Sometimes children can say something that just sort of makes you pause.
I remember when my son was really young and he climbed up on the kitchen table so he could get to us, put his arms around his father 's neck and mine looked at each of us and then said, "I love my life." He then climbed back down and went right back to what he was doing. Leaving us speechless and somewhat teary-eyed.
My nephew Trey is the quiet type. When he last came to our house for a visit I have a vivid memory of him sitting out back, while his three brothers and my two children were bouncing crazily on the trampoline shrieking and having some serious trampoline wars.
He sat quietly in a rocking chair looking out over our back field, watching the horses munch on some grass while he was munching on some cereal. My husband was sitting next to him. It was an interesting view for me. My husband is 6'5" and Trey is ... well, he's tiny, a mere 4 years old.
I heard my husband ask, "Can I have one?" Trey methodically chose the perfect one—purple, his uncle's favorite color—looked way up at him, placed it in his hand, gave a little nod, and they both went right back to horse watching.

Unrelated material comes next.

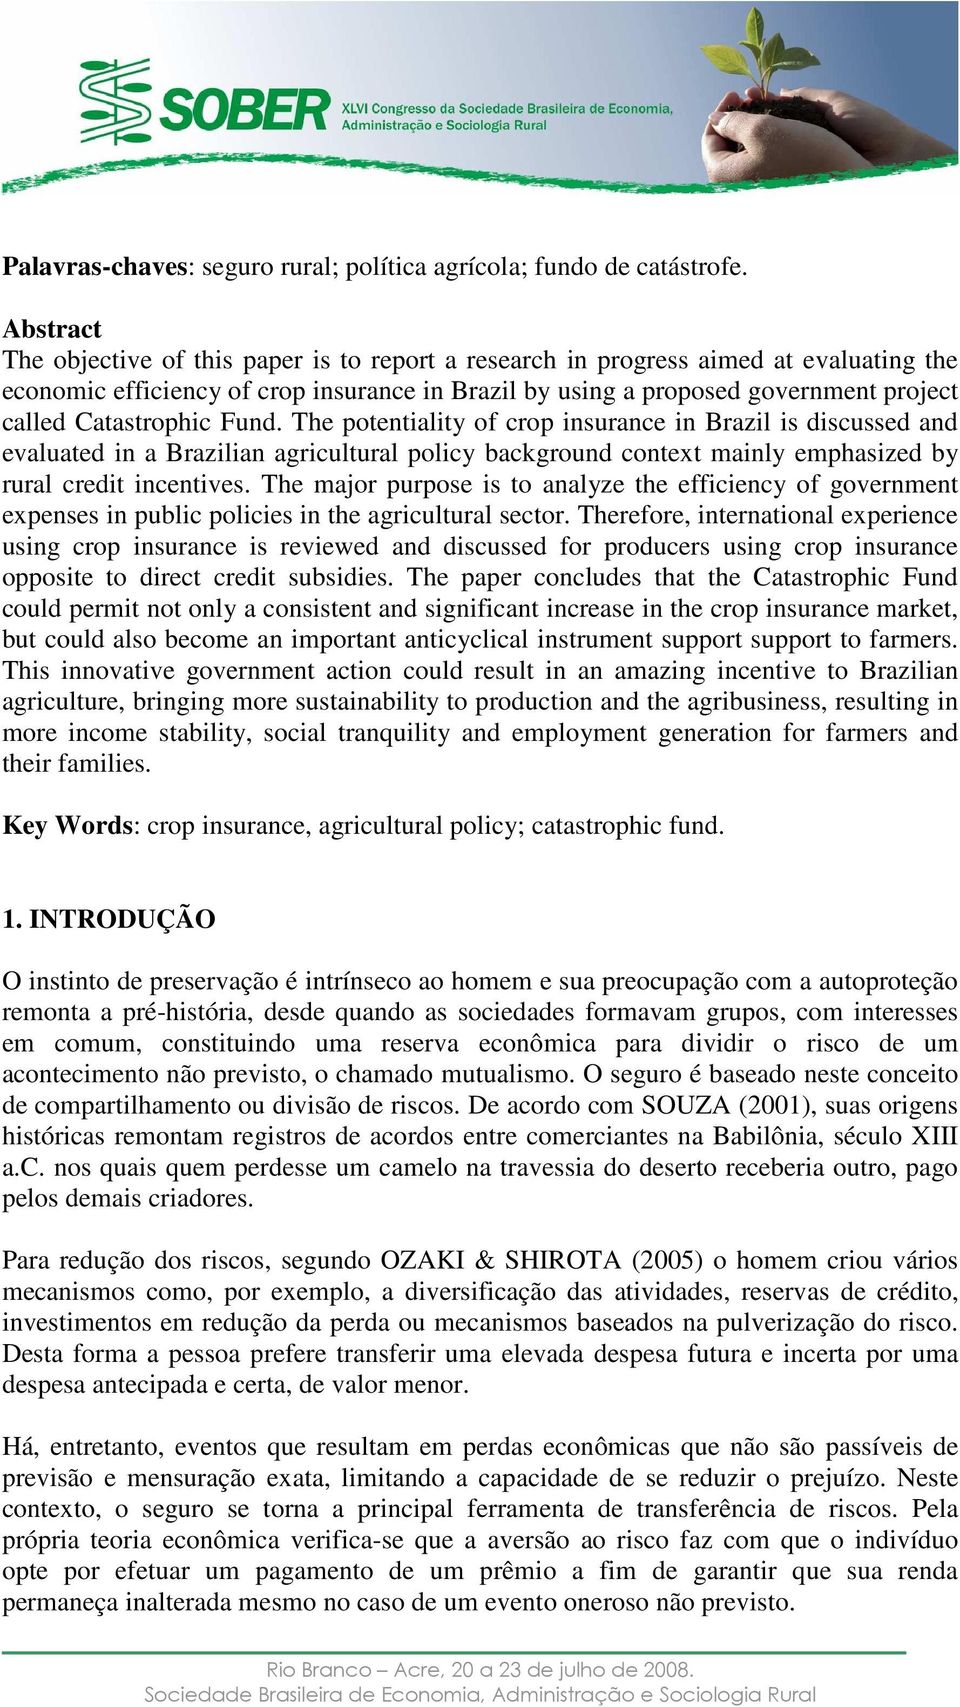 Catastrophic Fund. The potentiality of crop insurance in Brazil is discussed and evaluated in a Brazilian agricultural policy background context mainly emphasized by rural credit incentives.

A simple exchange, but just so sweet.
I realize that's an odd memory, but nonetheless it is in my head and the simplicity of the moment struck me somehow.
Today I got a note from my little brother that made me chuckle. Here's what my brother wrote:
Trey just said to me, "Daddy, I don't like Elmo anymore."
"Why not, Trey?" I asked.
He replied, "Because God just changed my mind about him."
I suggested to my brother that he write that down. That, and all the other adorable things his boys say.
I want you to do the same: start a journal for each of your children and write it all down. Though you think you'll never forget all those adorable and insightful things they utter to you daily, you will. Time and life have a way of robbing your memory of those precious moments.
And if you wouldn't mind, take a moment and write one of your own favorites in the comment section. We all need to take a moment to pause.